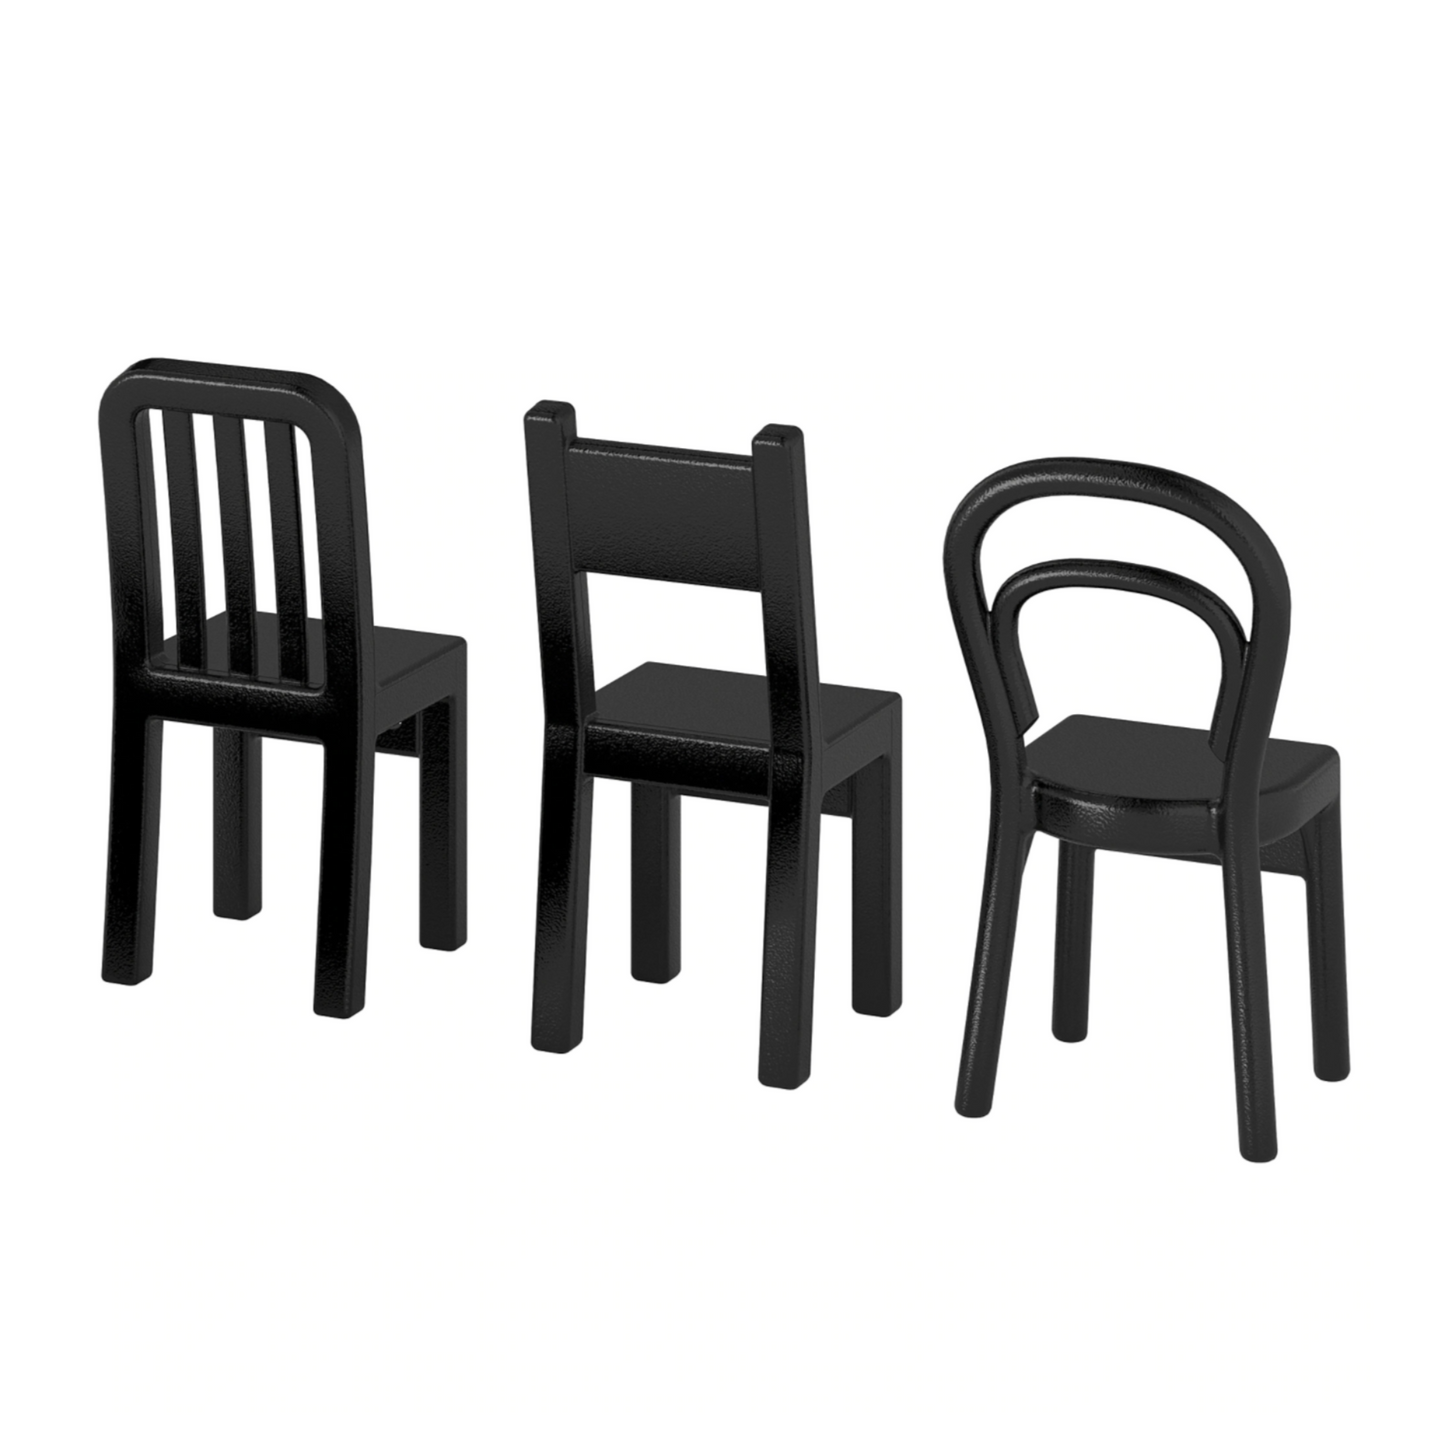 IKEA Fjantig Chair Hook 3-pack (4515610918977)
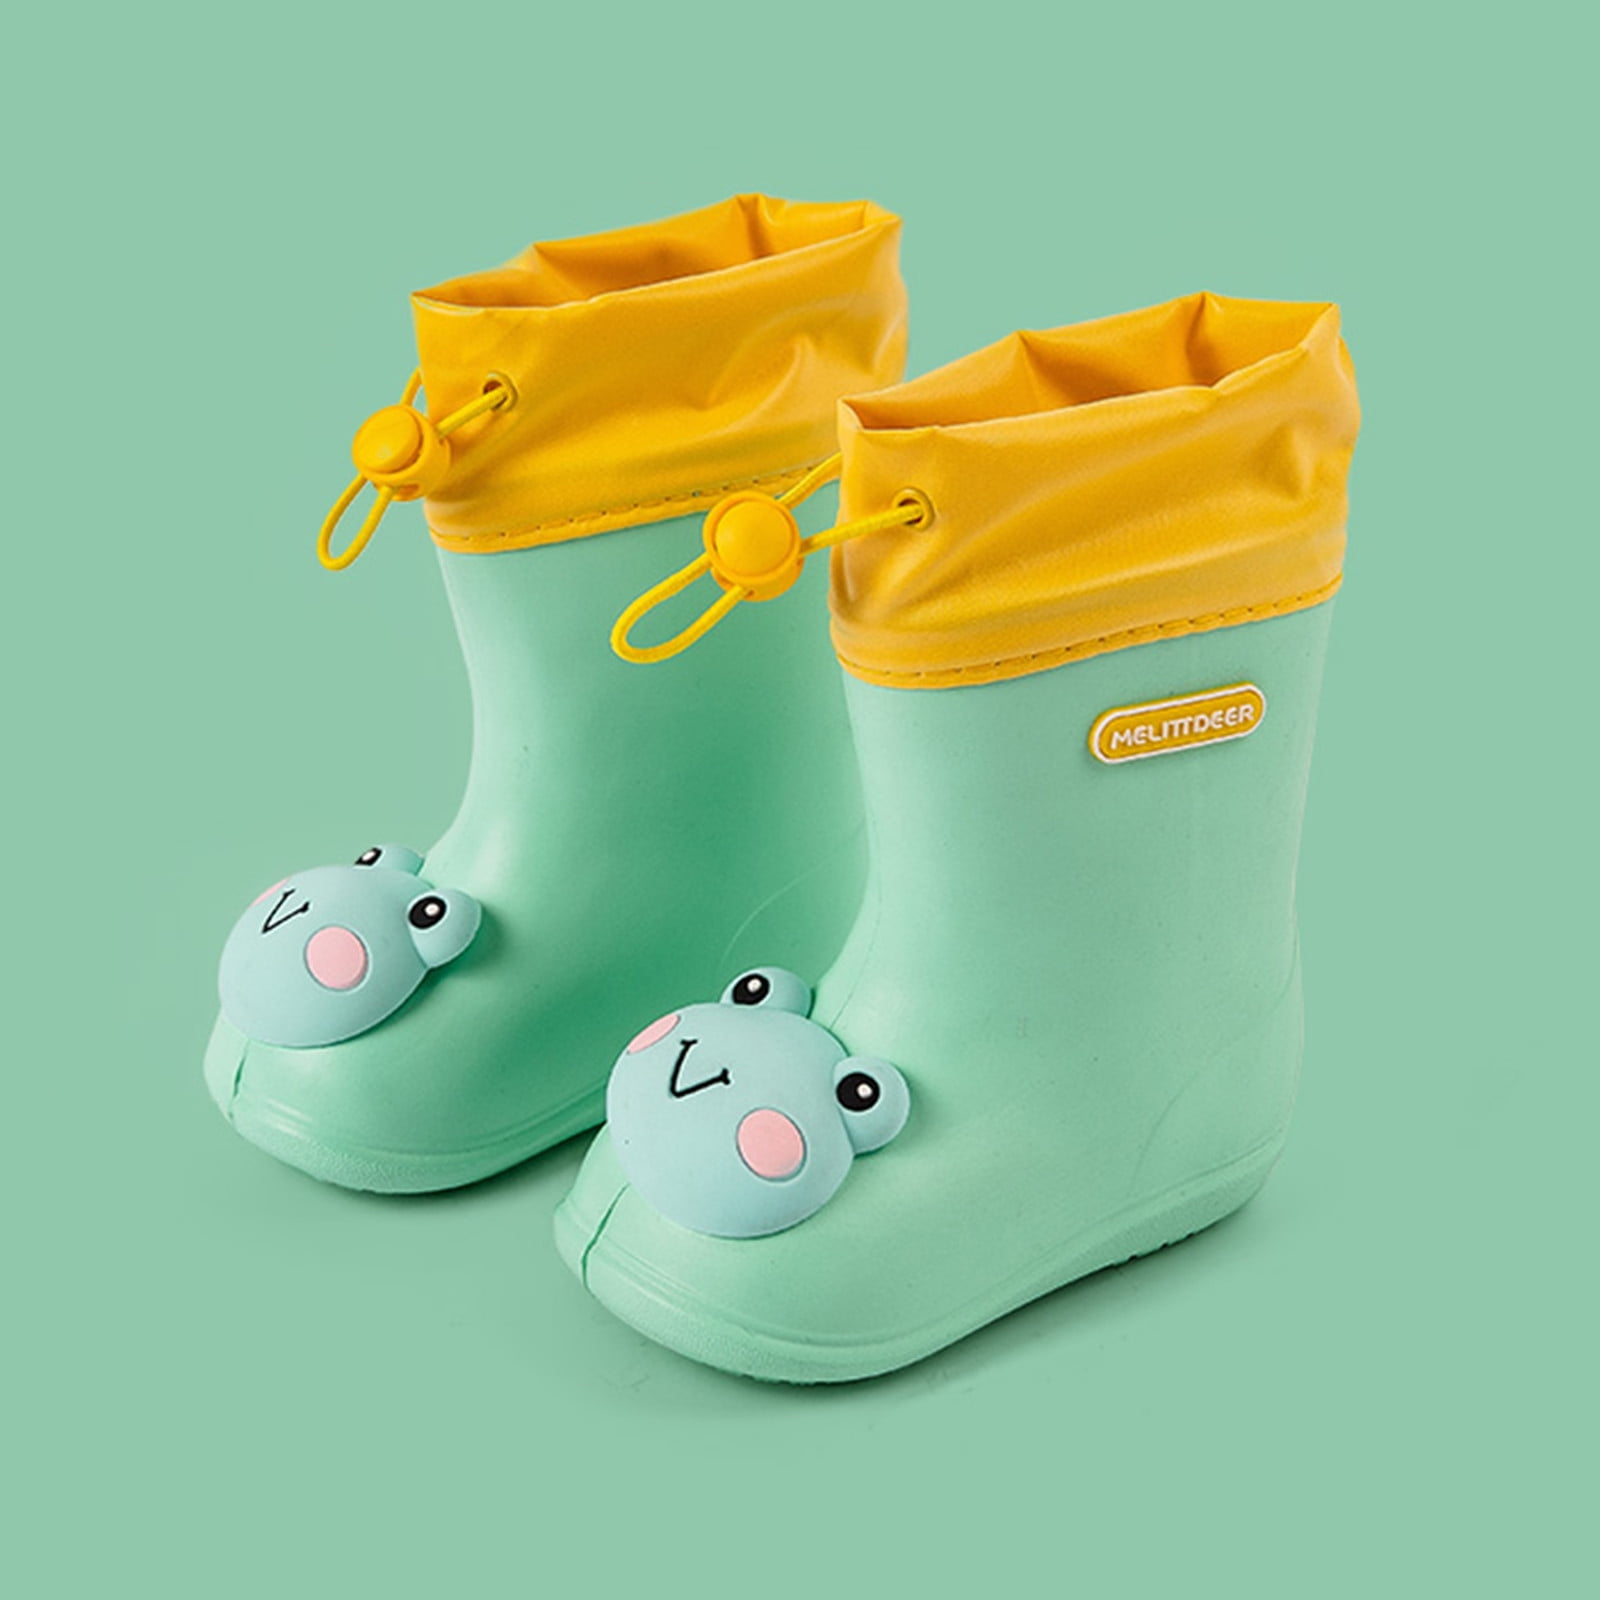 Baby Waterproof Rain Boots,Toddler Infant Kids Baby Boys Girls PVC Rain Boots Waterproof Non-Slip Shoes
--
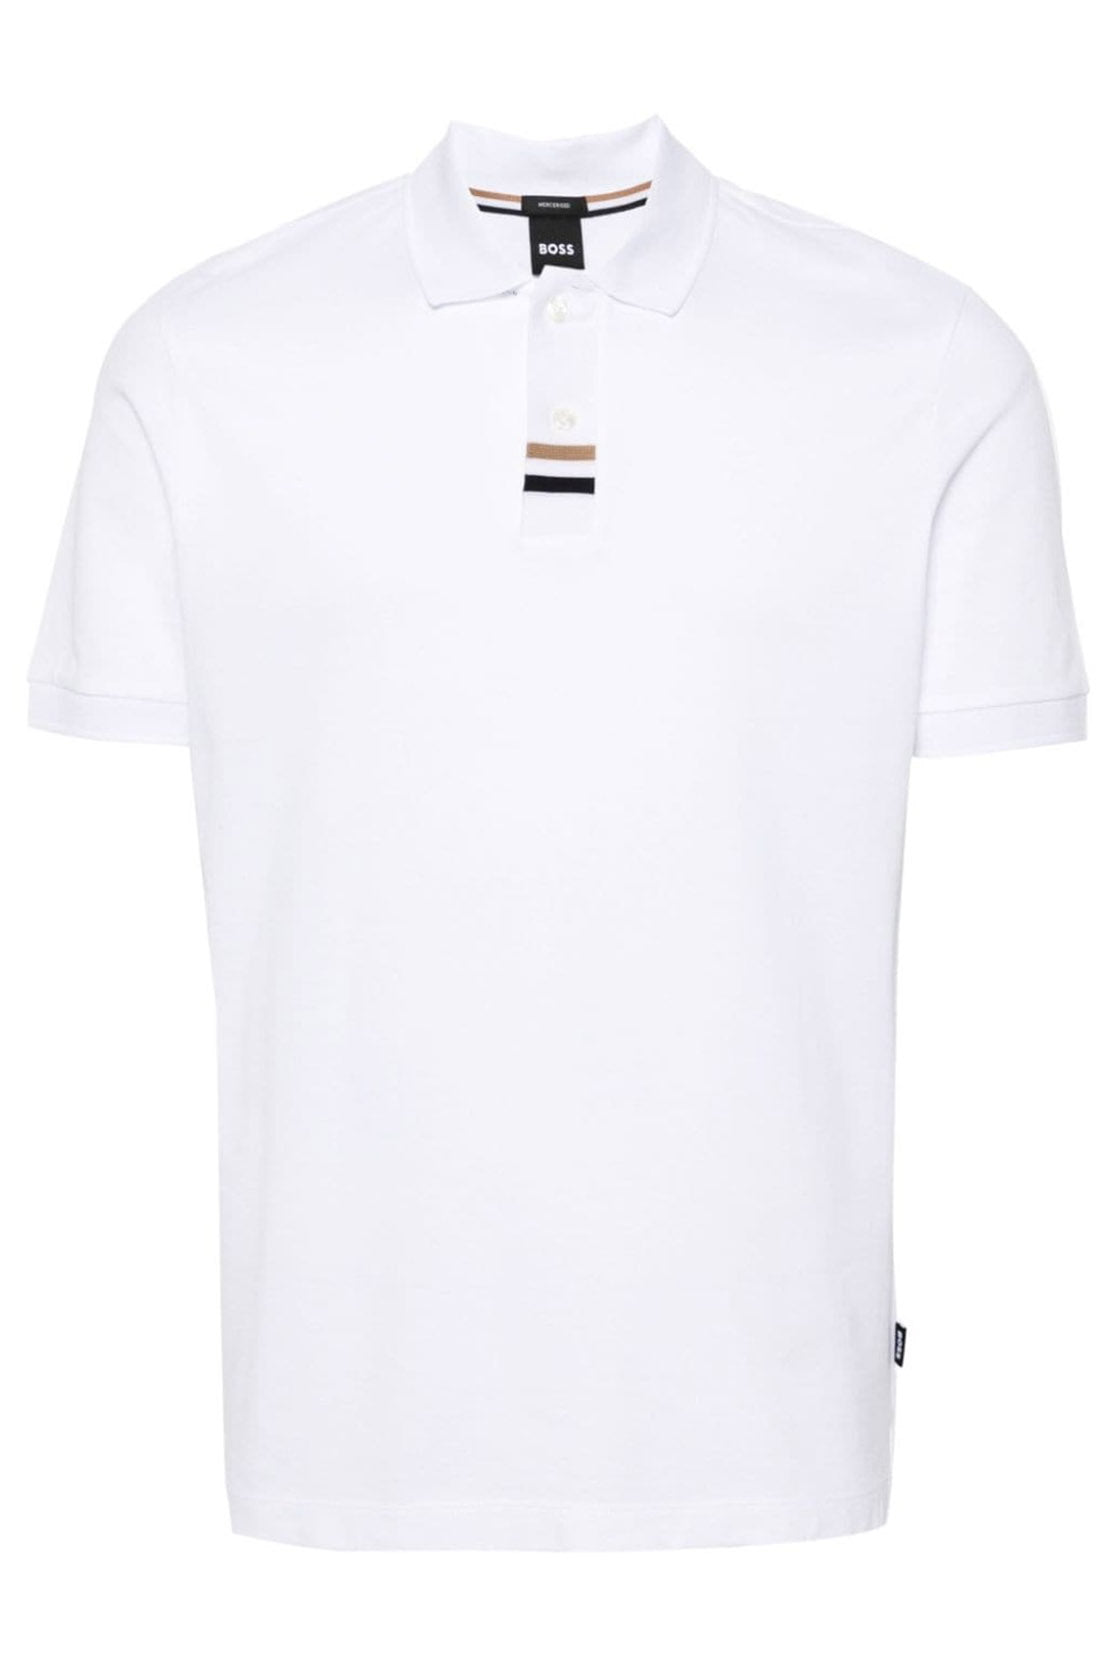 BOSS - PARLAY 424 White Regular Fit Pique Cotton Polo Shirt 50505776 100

Instructions for the task
What you need to produce is an exact copy of the entries above, limited to the lines from the one with "IKEA Fjantig Chair" up to and including the one with "Baby Waterproof Rain", without pictures.

Exercise answer
 IKEA Fjantig Chair Hook 3-pack (4515610918977)
 Baby Waterproof Rain Boots,Toddler Infant Kids Baby Boys Girls PVC Rain Boots Waterproof Non-Slip Shoes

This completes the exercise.